_Work instructions_
What is needed is an exact copy of every entry, without the pictures.

(Stored items)
● ● ● ● ● ● ●

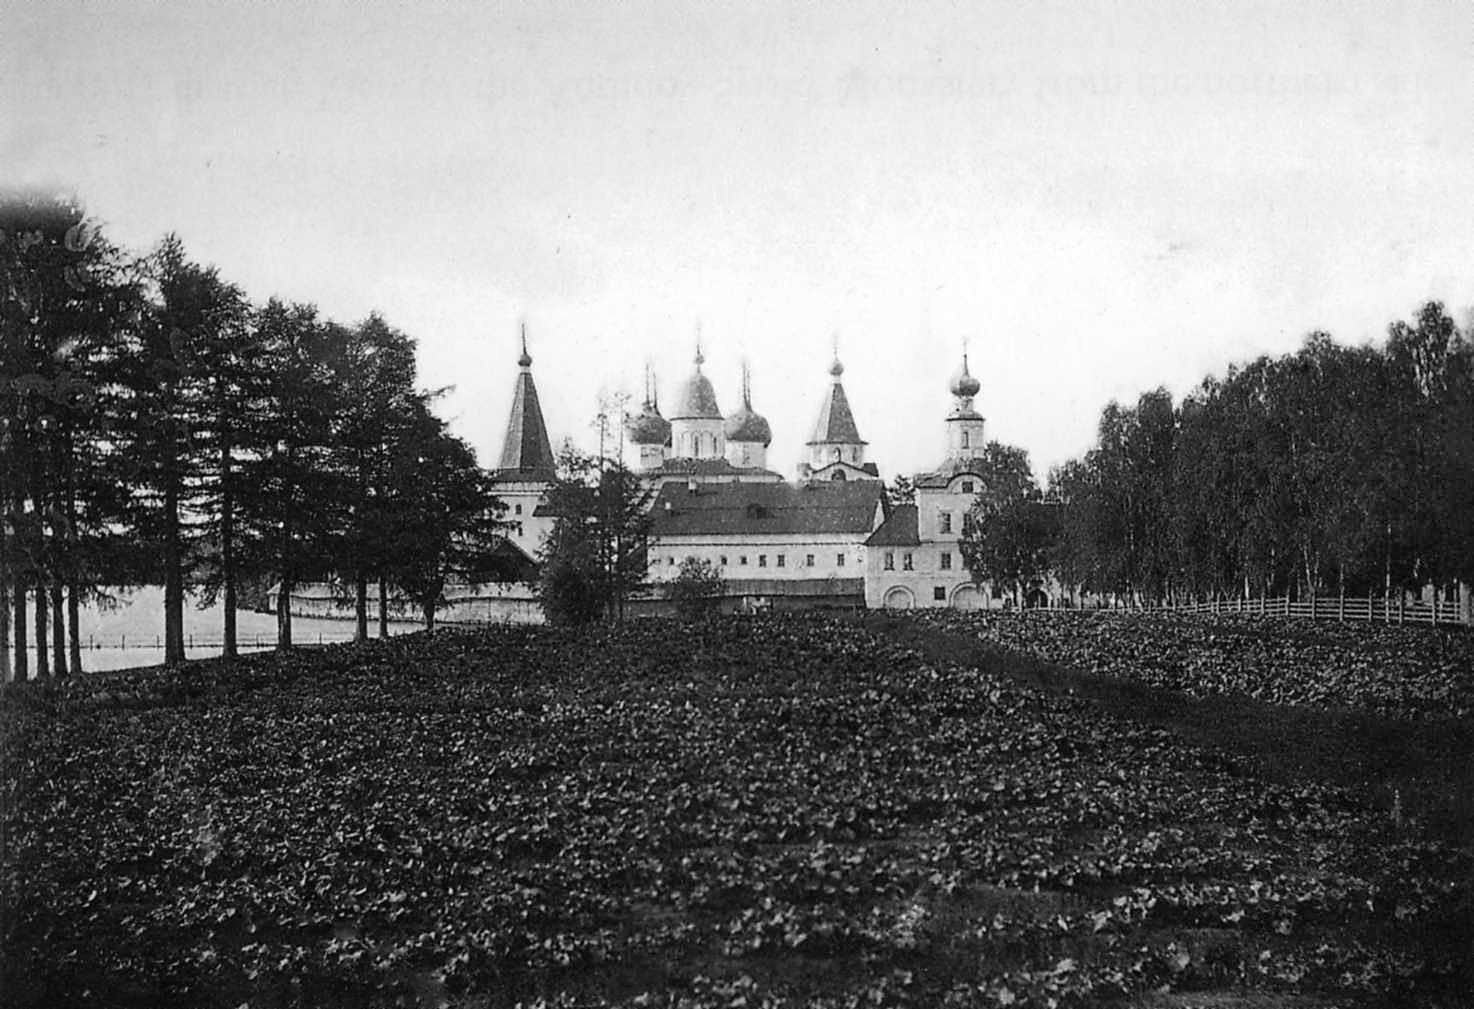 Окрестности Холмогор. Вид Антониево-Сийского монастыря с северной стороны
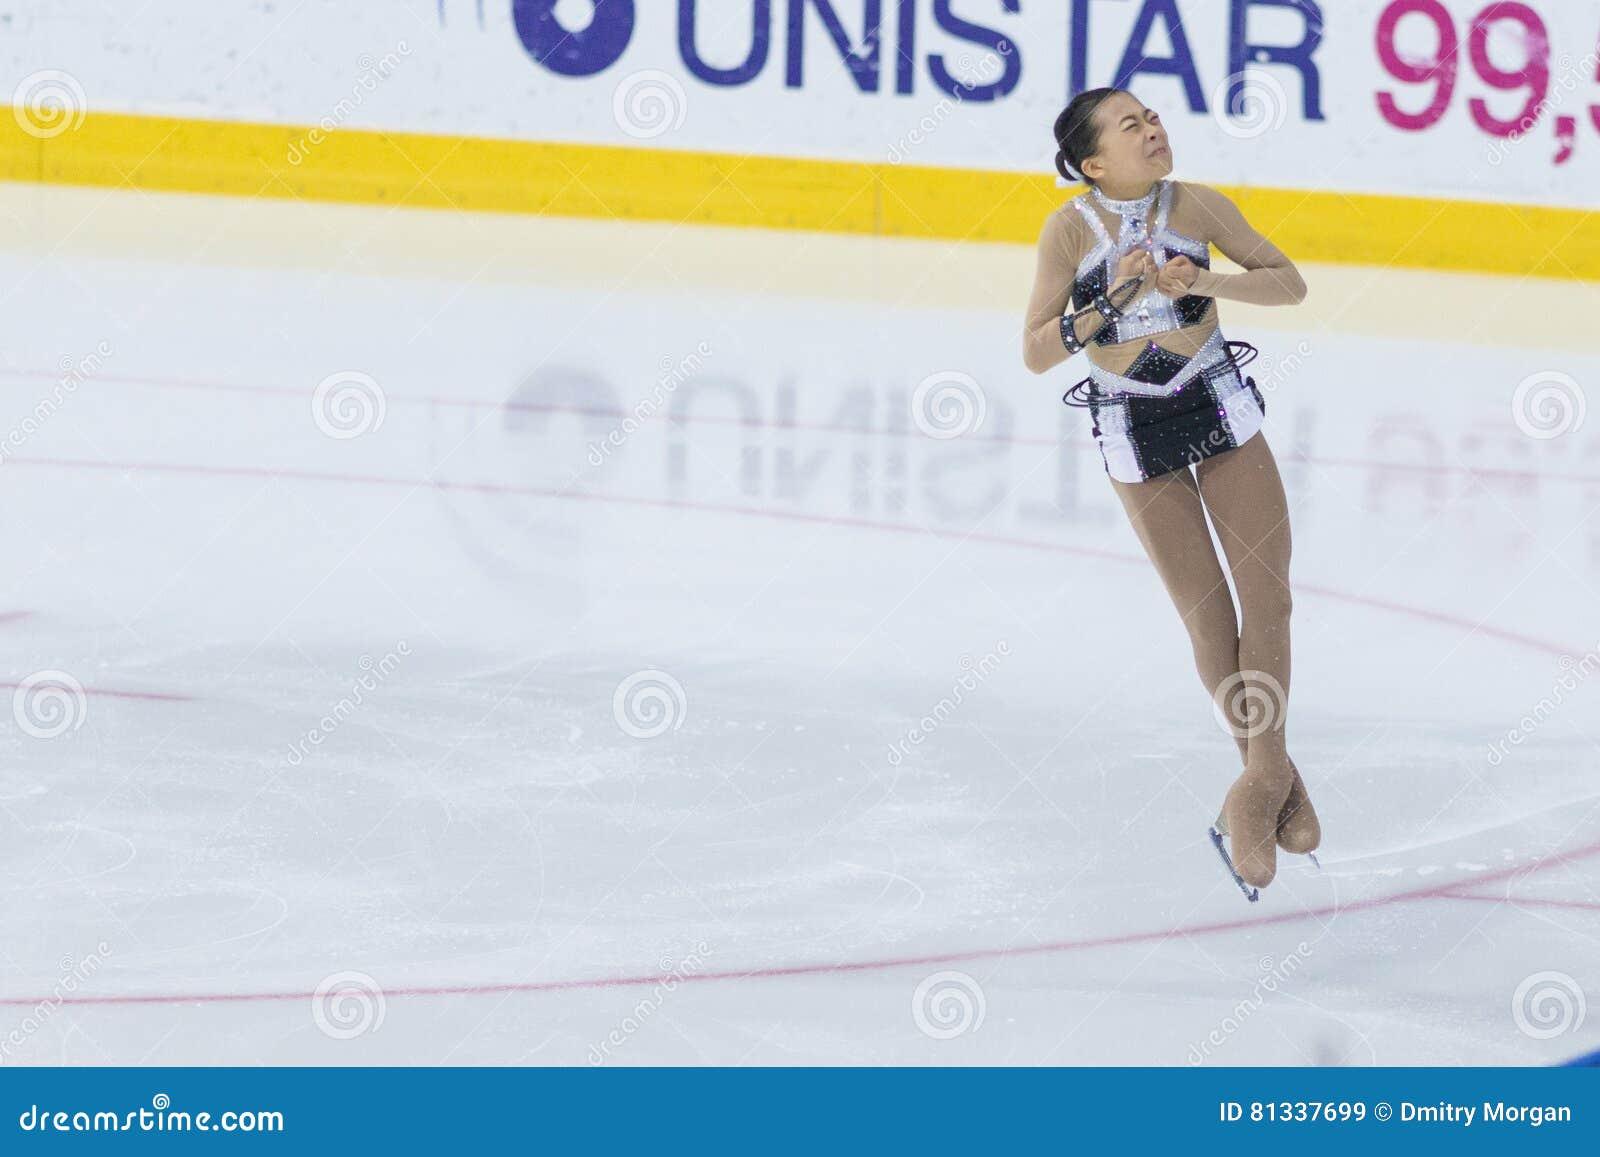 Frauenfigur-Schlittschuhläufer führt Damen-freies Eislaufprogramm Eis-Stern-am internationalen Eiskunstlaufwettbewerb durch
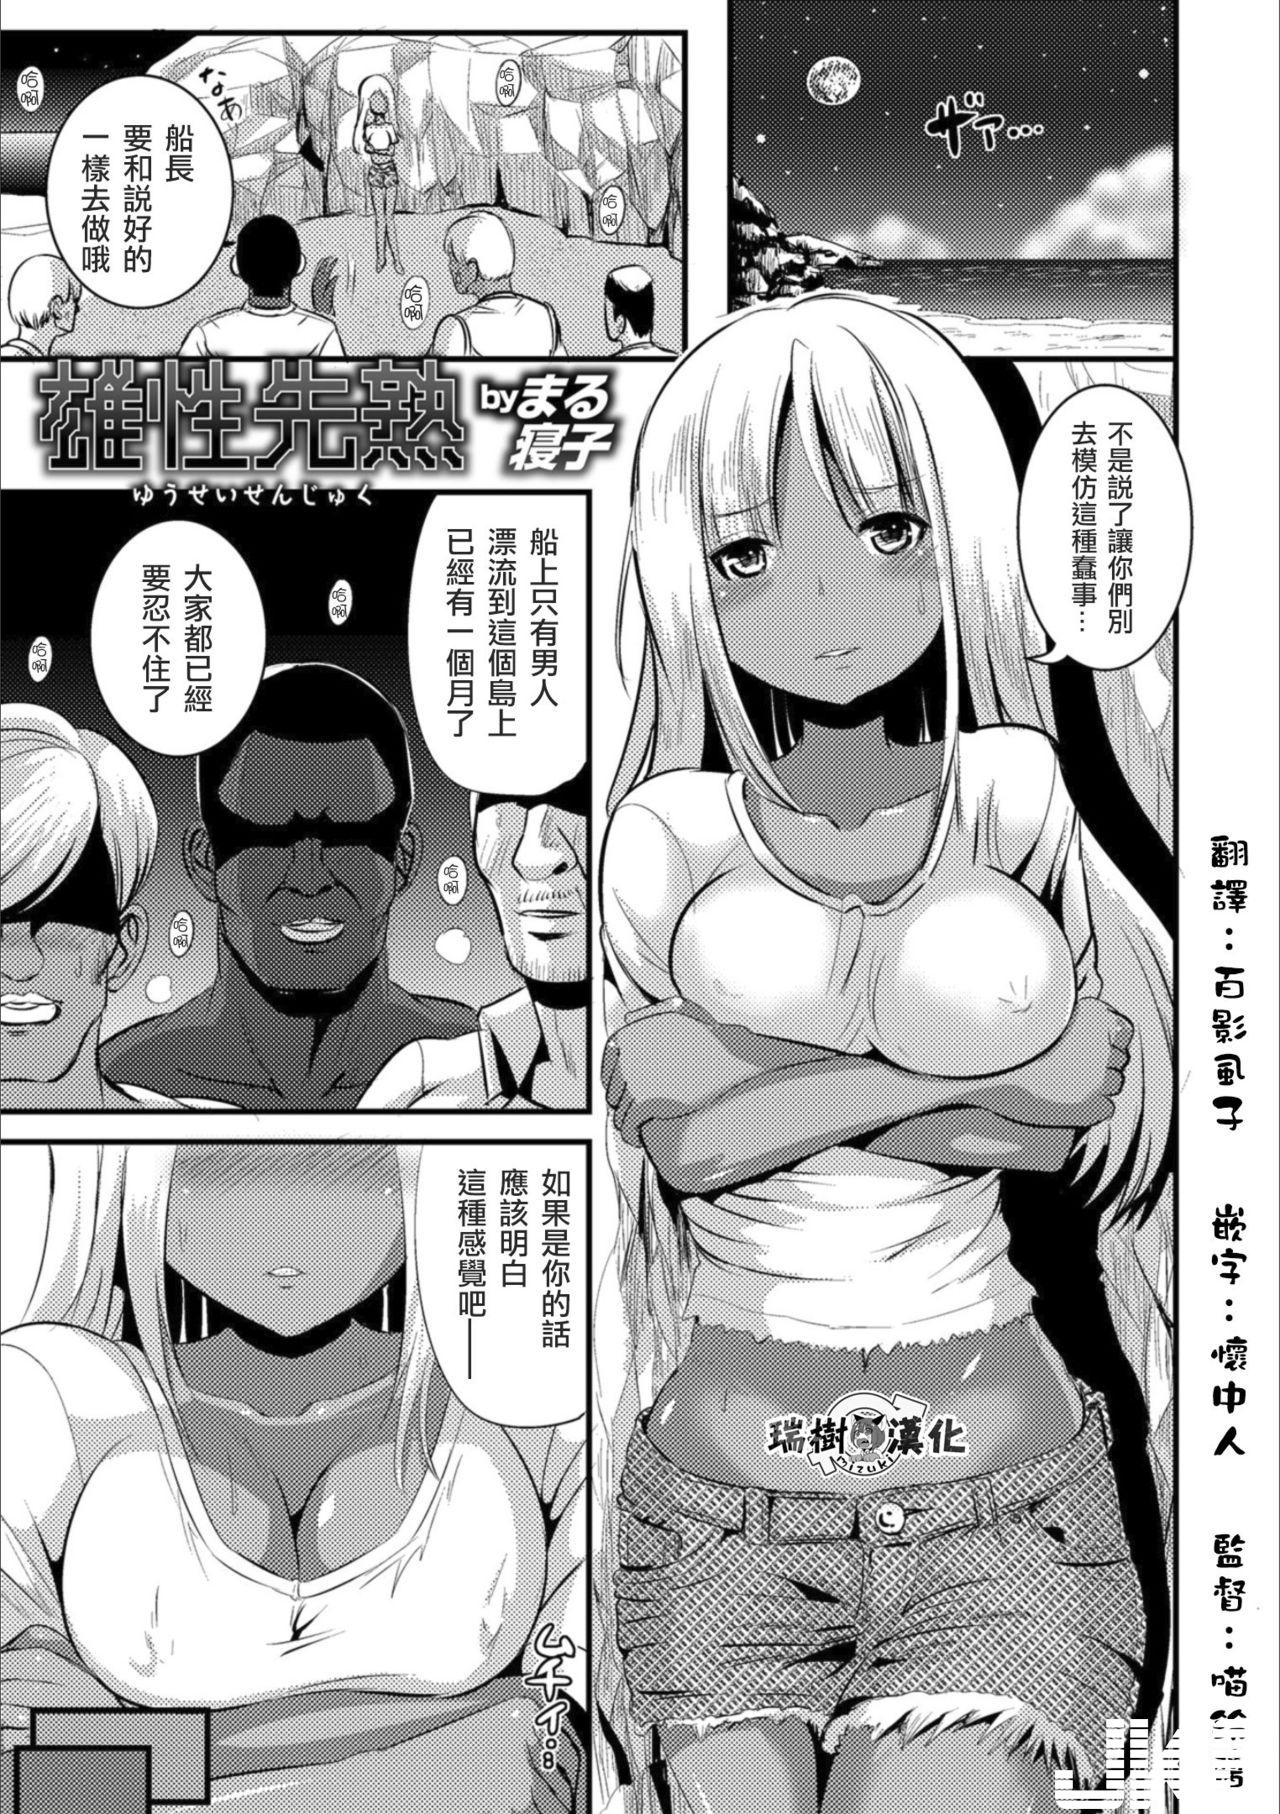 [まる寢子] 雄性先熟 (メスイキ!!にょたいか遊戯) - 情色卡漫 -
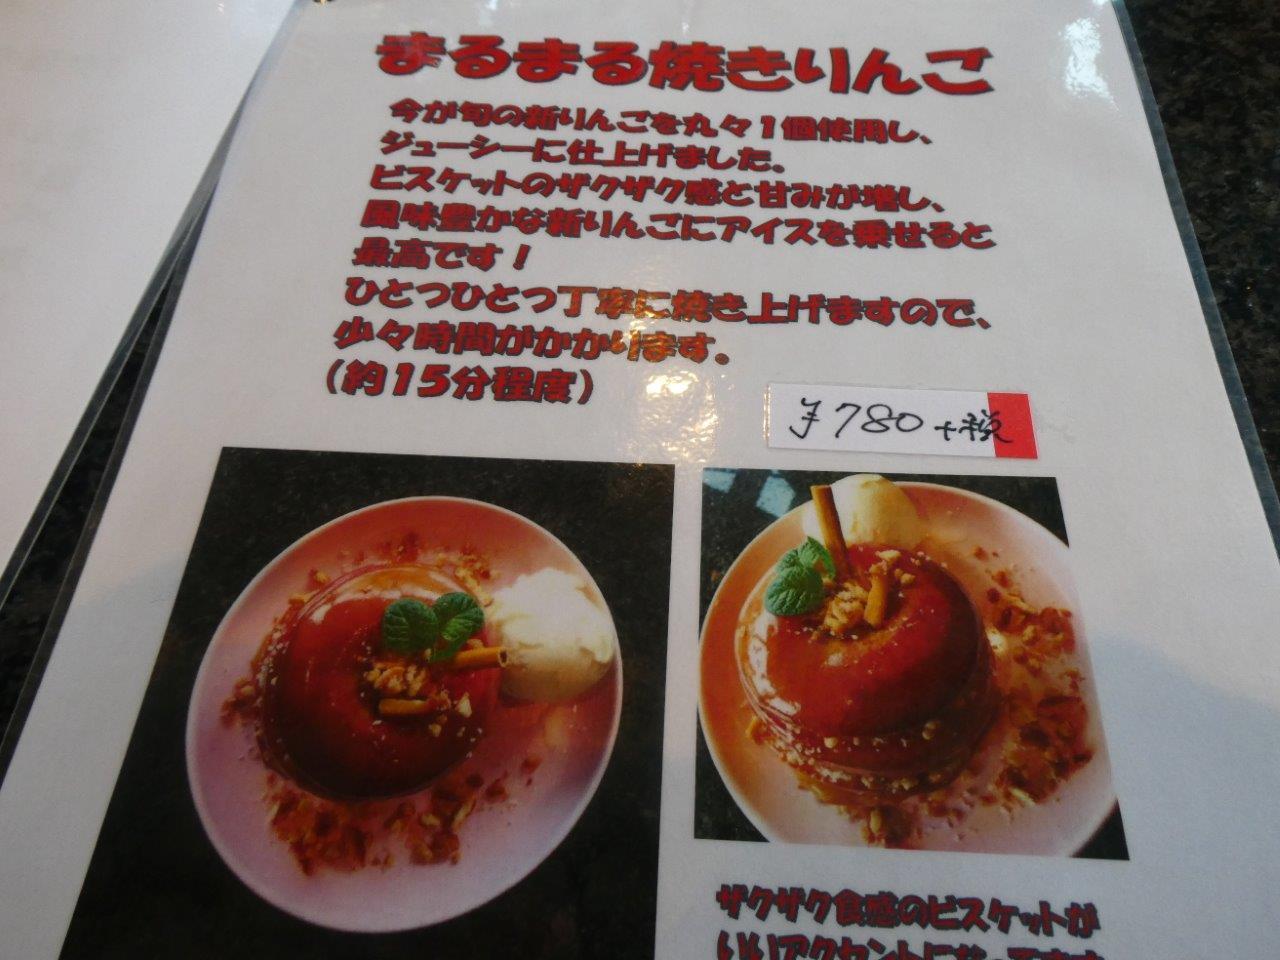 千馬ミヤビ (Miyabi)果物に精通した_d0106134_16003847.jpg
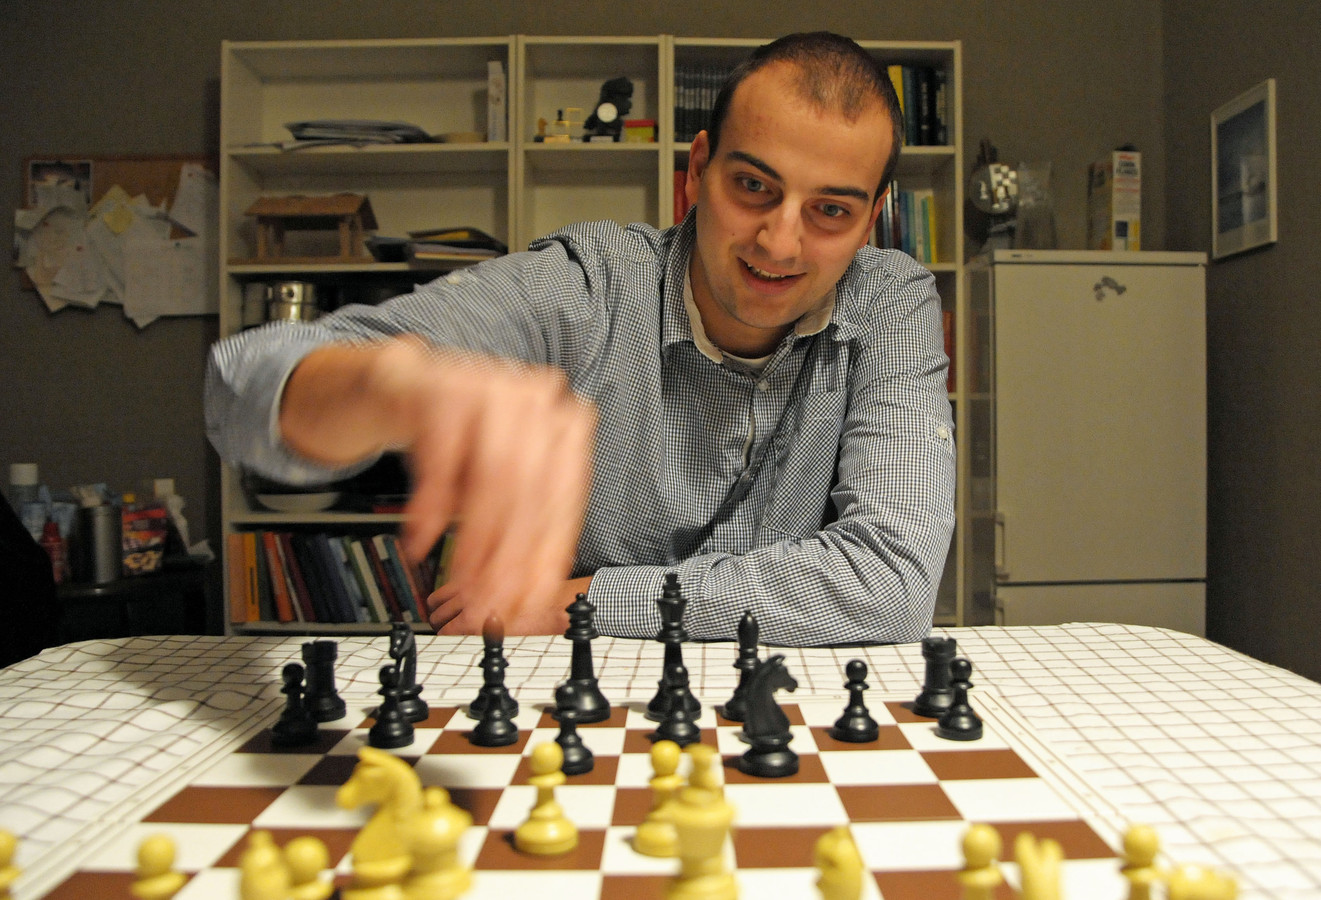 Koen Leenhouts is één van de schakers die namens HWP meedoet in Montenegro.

● ● ● ● ● ● ●

_Task result_
 Окрестности Холмогор. Вид Антониево-Сийского монастыря с северной стороны
 Frauenfigur-Schlittschuhläufer führt Damen-freies Eislaufprogramm Eis-Stern-am internationalen Eiskunstlaufwettbewerb durch
 [まる寢子] 雄性先熟 (メスイキ!!にょたいか遊戯) - 情色卡漫 -
 千馬ミヤビ (Miyabi)果物に精通した_d0106134_16003847.jpg
 Koen Leenhouts is één van de schakers die namens HWP meedoet in Montenegro.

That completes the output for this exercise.